Дерек вошел в нее одним резким движением; это доставило ему такое немыслимое наслаждение, что он не услышал возглас, который сорвался с губ Сабрины. Впрочем, даже если бы он его и услышал, то все равно остановиться бы уже не смог. Сабрина и не собиралась его останавливать, более того, она обхватила его за бедра ногами и подалась у навстречу.
Дерек хотел бы растянуть наслаждение, но у него ничего не получилось. Их соединение, едва успев начаться, стремительно двигалось к завершению. Когда они оба достигли пика наслаждения, Дерек, застонав, прикоснулся дрожащими губами к ее рту, стремясь приглушить крик страсти, рвавшийся, казалось, из самых глубин ее существа.

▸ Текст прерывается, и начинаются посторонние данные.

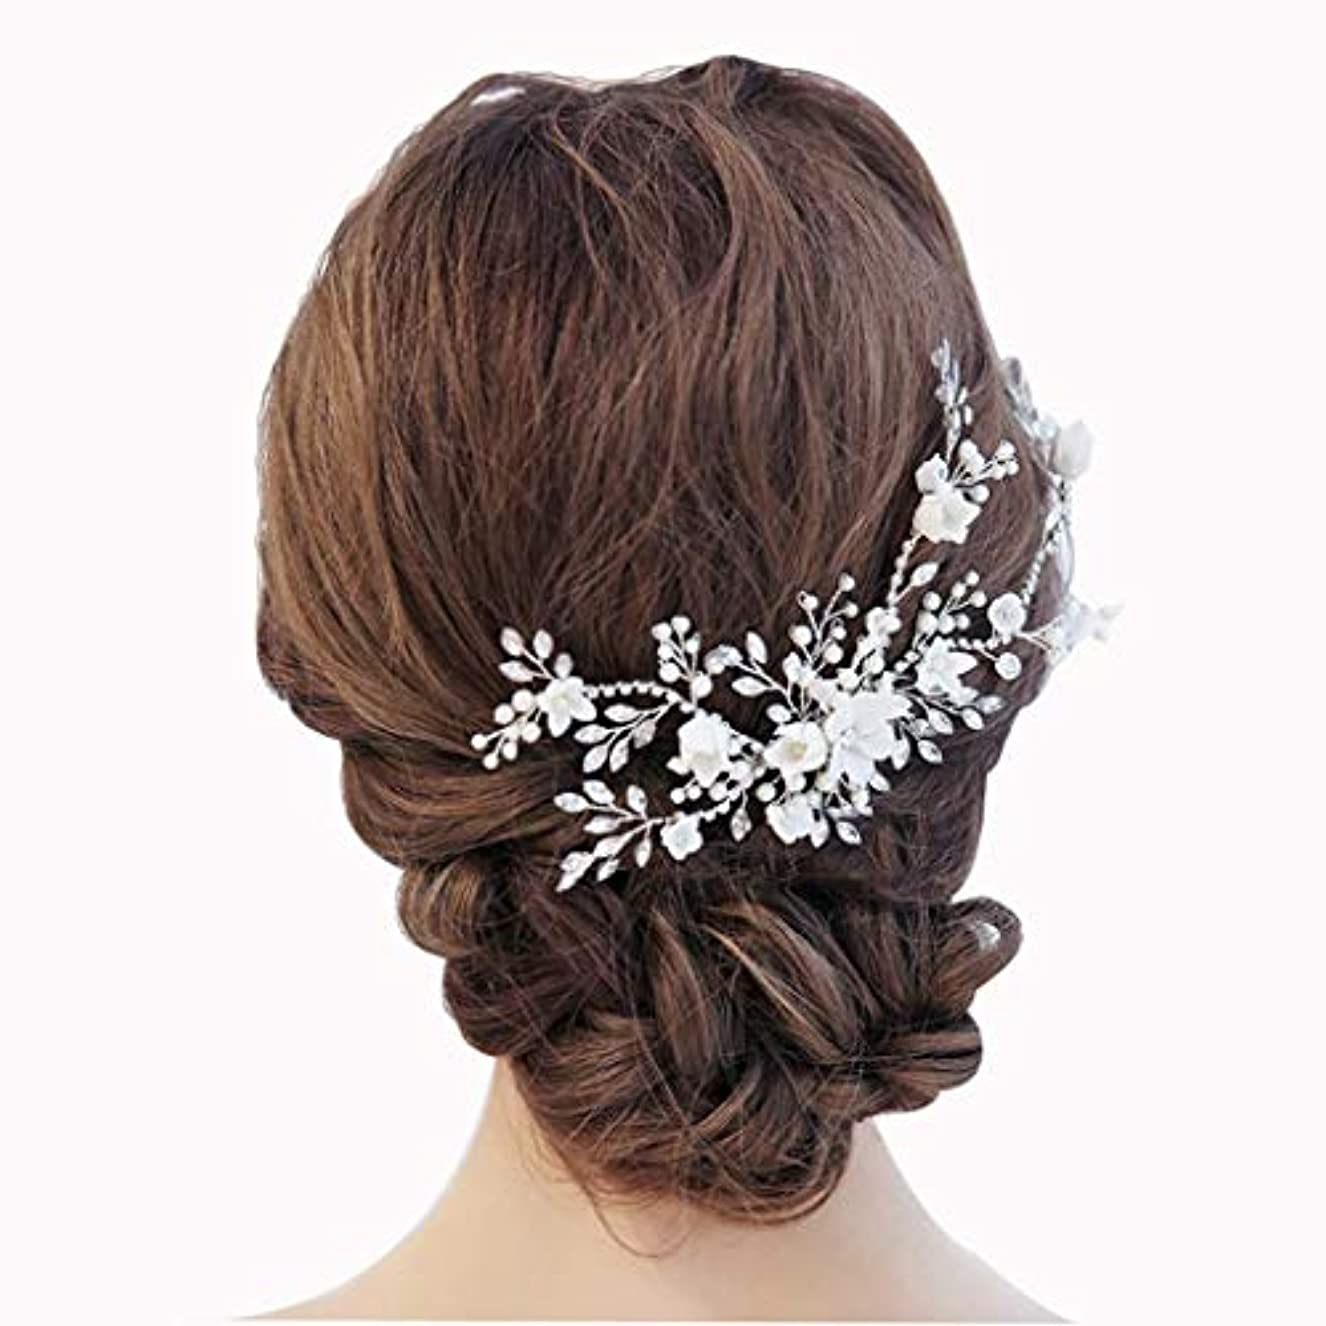 置き場スワップ彼らは手作りのガーランド、ブライダルヘッドドレススーパーフェアリーヘッドヘッドパールラインストーンジュエリー結婚式のアクセサリーヘアアクセサリー付きパールフラワーウェディング、パーティー

Какое-то время слышалось только их частое прерывистое дыхание. Потом Сабрина неожиданно начала плакать, Дерек повернулся на бок и заключил ее лицо в ладони.
— Я сделал тебе больно! — Он мысленно обругал себя последними словами за то, что взял ее грубо, подобно животному. И то, что он слишком долго обходился без женщины, никак не оправдывало его. — Извини, Сабрина, я так сильно хотел тебя. Мне в голову закралась сумасшедшая мысль, что, если я хоть немного промедлю, мне обязательно что-нибудь помешает…
Она, спрятав лицо у него на груди, продолжала тихо плакать.
Каждый ее всхлип острой болью отзывался в сердце Дерека.
— Прошу тебя, милая, перестань. Не надо.
— Я… я так счаст-ли-ва.
Рука Дерека, гладившая ее по волосам, замерла.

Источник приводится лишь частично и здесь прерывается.